Per quel che poi attiene alla compatibilità con la normativa sovranazionale, in particolare con la direttiva CE n. 115 del 2008, si è di recente registrato l’intervento risolutivo della Corte di giustizia con la decisione del 6 dicembre 2012 sulla domanda di pronuncia pregiudiziale proposta, ai sensi dell’art. 267 TFUE, dal Tribunale di Rovigo, nel procedimento penale a carico di xxx. Ed è appena il caso di ricordate che già questa Corte aveva statuito che "la fattispecie contravvenzionale prevista dal D.Lgs. n. 286 del 1998, art. 10-bis, che punisce l’ingresso e soggiorno illegale nel territorio dello Stato, non viola la c.d. direttiva Europea sui rimpatri (direttiva Commissione CEE 16 dicembre 2008, n. 115), non comportando alcun intralcio alla finalità primaria perseguita dalla direttiva predetta di agevolare ed assecondare l’uscita dal territorio nazionale degli stranieri extracomunitari privi di valido titolo di permanenza e non è in contrasto con l’art. 7, par. 1 della medesima, che, nel porre un termine compreso tra i 7 e 30 giorni per la partenza volontaria del cittadino di paese terzo, non per questo trasforma da irregolare a regolare la permanenza dello straniero nel territorio dello Stato" (Sez, 1, n. 951 del 22/11/2011, xxx, rv.
251671).
Nel caso di specie, quindi, il giudice di pace che ha inflitta sanzione pecuniaria, senza neppure disporre espulsione, ha applicato correttamente la normativa vigente, in relazione a condotta che è ancora prevista come reato.
Non può rilevare in questa sede quanto dedotto dal Procuratore generale ricorrente in ordine alla possibilità che venga disposta la conversione della pena pecuniaria con l’espulsione in sede di esecuzione, atteso che, all’evidenza, il giudice dell’esecuzione potrà operare la necessaria valutazione in ordine alla sussistenza nel caso di specie dei presupposti dell’espulsione, secondo le indicazioni della direttiva e la disciplina nazionale novellata.
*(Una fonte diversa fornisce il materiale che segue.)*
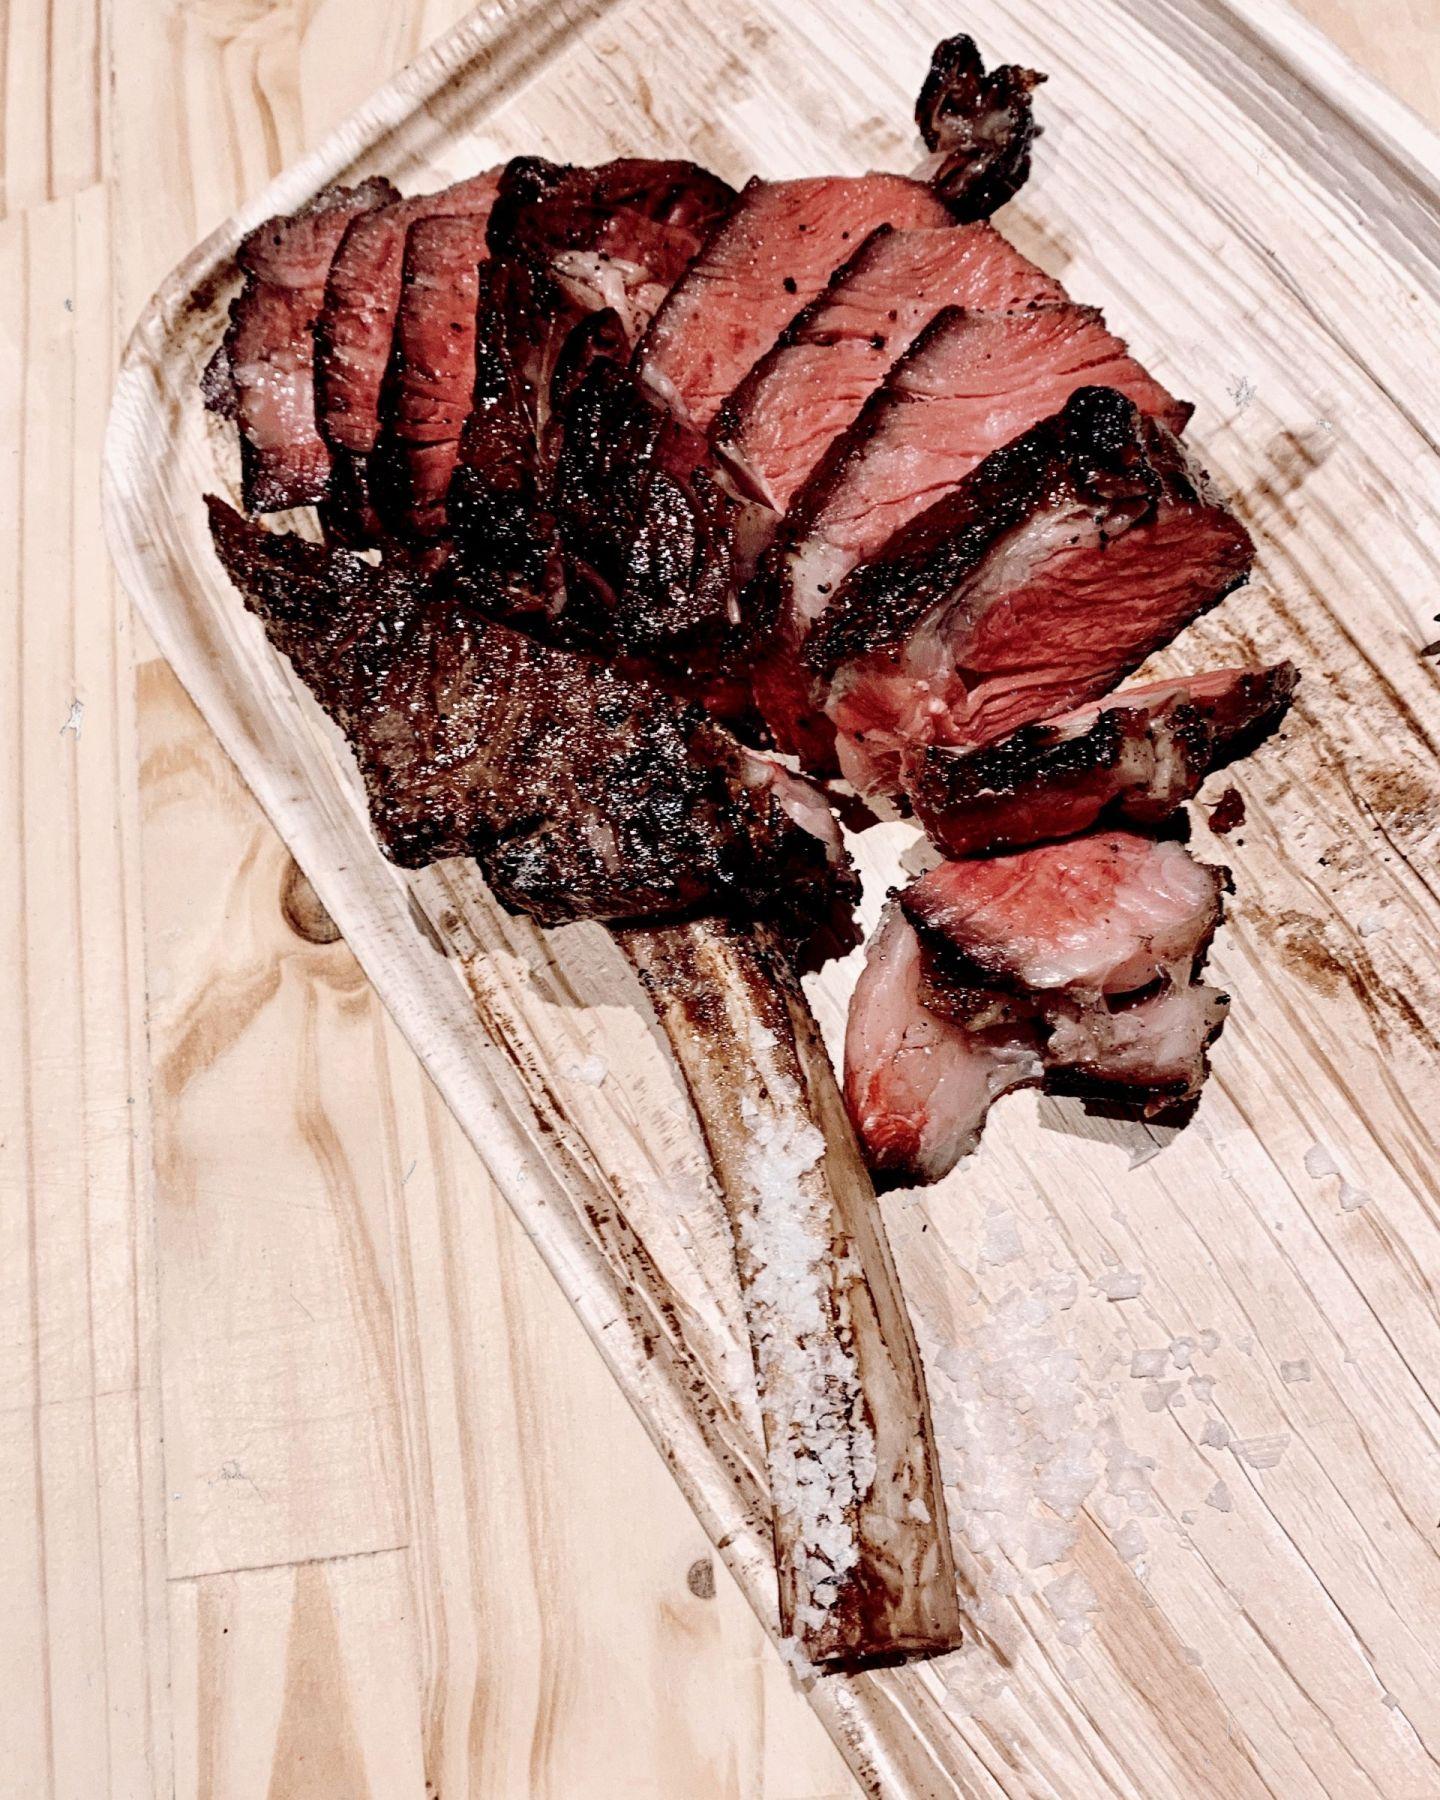 40 oz creekstone steak

Quanto all’ultimo rilievo, deve evidenziarsi che la disposizione di cui al comma 4, seconda parte, dell’art. 10-bis prevede che il questore comunica all’autorità giudiziaria competente per l’accertamento del reato la eventuale avvenuta esecuzione dell’espulsione o del respingimento; pertanto, il giudice non ha alcun onere di verificare l’eventuale espulsione o respingimento.
P.Q.M.
Rigetta il ricorso.
Così deciso in Roma, il 27 maggio 2013.